Faster Text Generation with Self-Speculative Decoding
Self-speculative decoding, proposed in LayerSkip: Enabling Early Exit Inference and Self-Speculative Decoding is a novel approach to text generation. It combines the strengths of speculative decoding with early exiting from a large language model (LLM). This method allows for efficient generation by using the same model's early layers for drafting tokens, and later layers for verification.
This technique not only speeds up text generation, but it also achieves significant memory savings and reduces computational latency. In order to obtain an end-to-end speedup, the output of the earlier layers need to be close enough to the last layer. This is achieved by a training recipe which, as described in the paper, can be applied during pretraining, and also while fine-tuning on a specific domain. Self-speculative decoding is especially efficient for real-world applications, enabling deployment on smaller GPUs and lowering the overall hardware footprint needed for large-scale inference.
In this blog post, we explore the concept of self-speculative decoding, its implementation, and practical applications using the 🤗 transformers library. You’ll learn about the technical underpinnings, including early exit layers, unembedding, and training modifications.
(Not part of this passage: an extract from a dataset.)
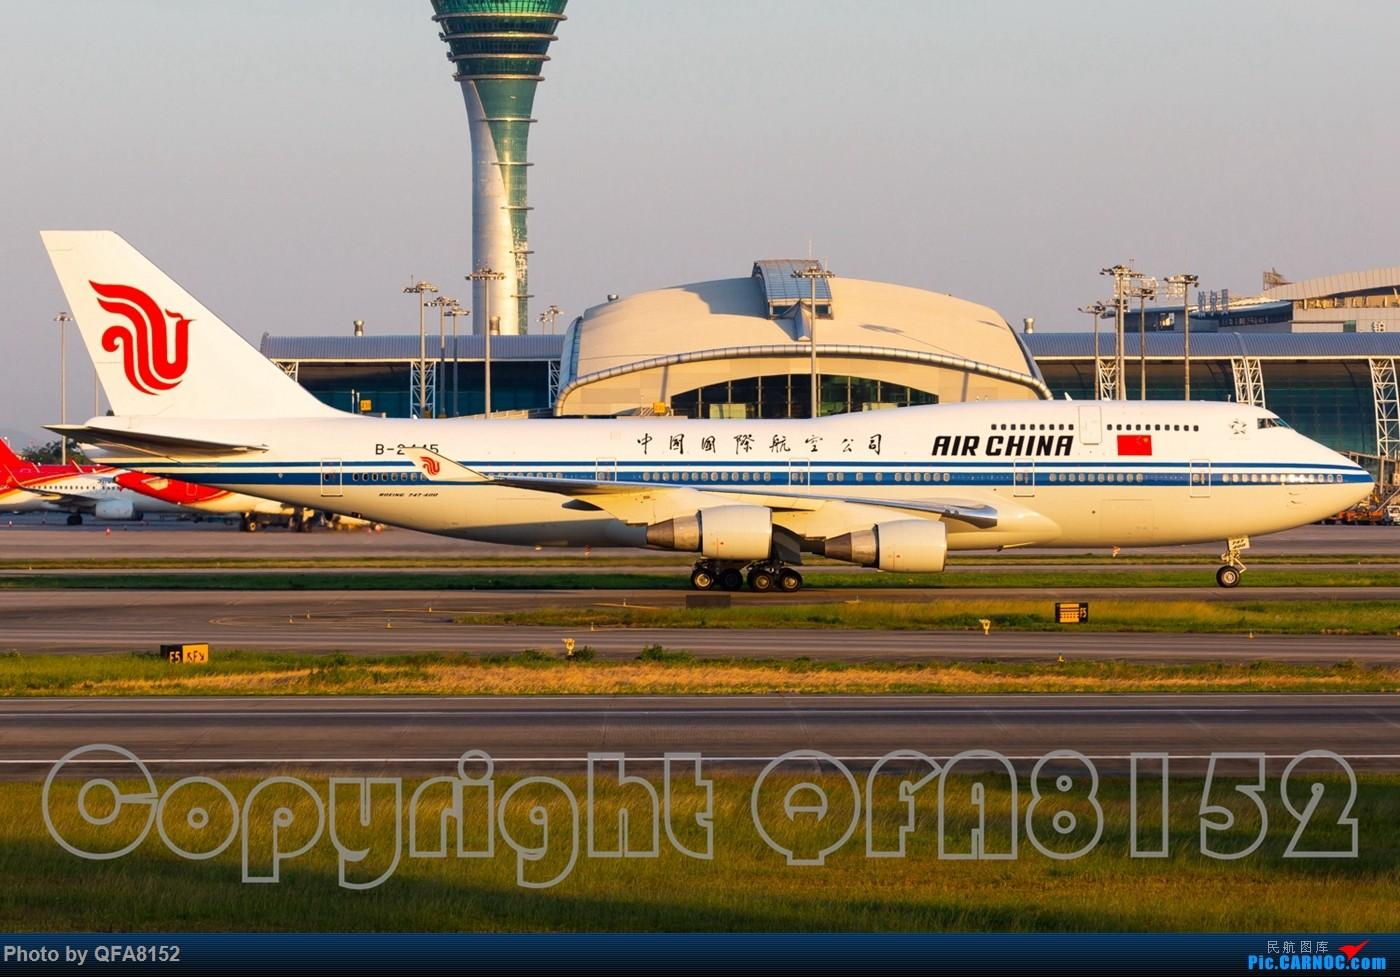 Re:[原创]现在发图好像有钱拿了? BOEING 747-400 B-2445 中国广州白云国际机场

To ground these concepts in practice, we offer code examples, benchmark comparisons with traditional speculative decoding, and insights into performance trade-offs.
Dive straight into the following Hugging Face artifacts to know more about the method and try it out yourself:
- Hugging Face Paper Discussion Forum
- LayerSkip Model Collections
- Colab Notebook showcasing the in-depth working of self-speculative decoding
Speculative Decoding and Self-Speculative Decoding
Illustration of LayerSkip inference on facebook/layerskip-llama2-7B
(Llama2 7B continually pretrained with the LayerSkip recipe).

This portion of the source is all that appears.